Male C57BL/6 mice (ENVIGO, México) 35 days old at the beginning of the experiments were used. The mice were housed in groups of five in Plexiglas boxes at room temperature (24‐26°C) under a 12:12 hours light/dark cycle with free access to food and water. The experimental procedures followed the national and international regulations for the care and use of experimental animals and were approved by the local bioethics committee.

Reagents

BDNF and NT‐4/5 (PreProtech Inc, Rocky Hill, NJ, USA) were used in a concentration of 50 ng/mL (neurotrophins were reconstituted in water 1.0 mg/mL and diluted in phosphates Buffer, 0.1 mol/L, pH 7.4, following vendor instructions), and the rest of reagents were purchased from SIGMA‐Aldrich Co.

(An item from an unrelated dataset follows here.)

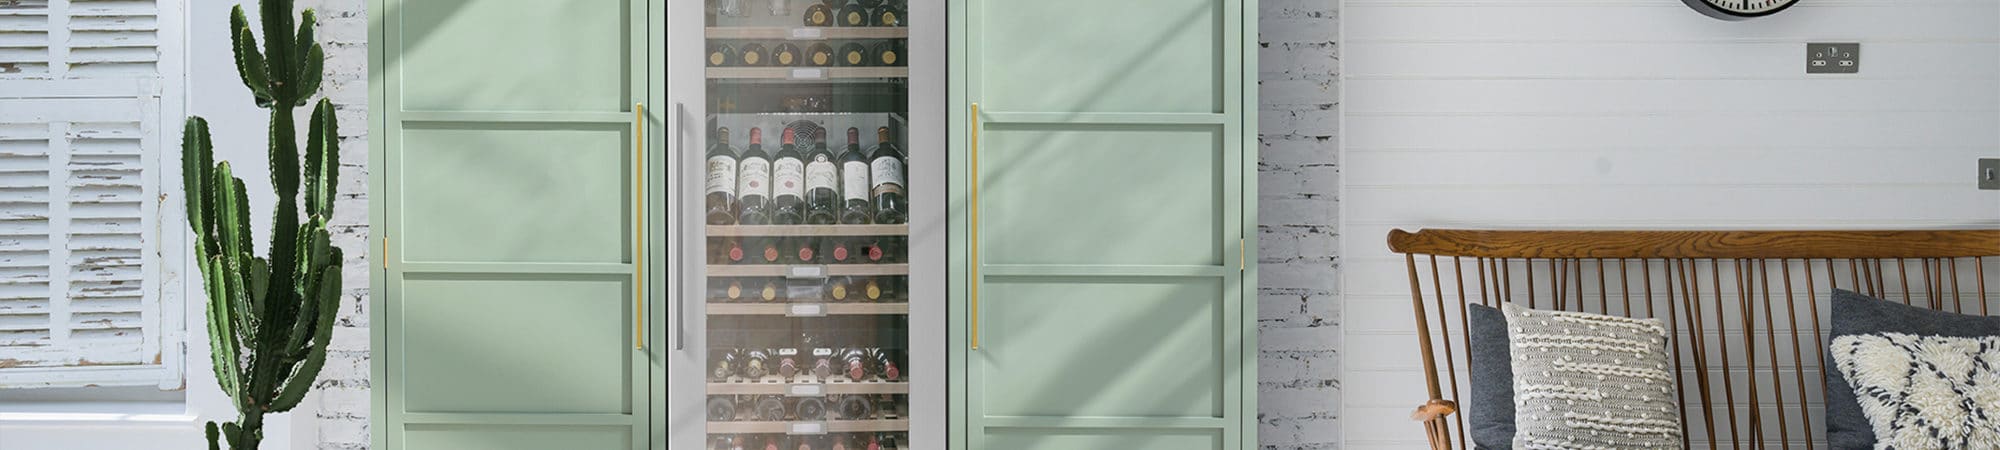 Freestanding Triple Zone Wine Cabinet

LLC (St Louis, MO) unless otherwise stated.

Preparation of striatal slices for electrophysiological recordings

The mice were anesthetized with halothane; then, they were decapitated, and their brains removed and placed in ice‐cold (4°C) and oxygenated (95% O2, 5% CO2) low calcium saline solution (in mmol/L; 130 NaCl, 3 KCl, 1 CaCl2, 5 MgCl2, 1.25 NaH2PO4, 26 NaHCO3, and 10 glucose; 298‐300 mOsm, pH 7.4). Sagittal brain slices (400 µm) containing the striatum, were obtained in the low calcium saline with a vibroslicer (Ted Pella Inc, Redding, CA, USA). The slices were maintained at room temperature (25°C) in oxygenated physiological saline for 1 hour prior to recording.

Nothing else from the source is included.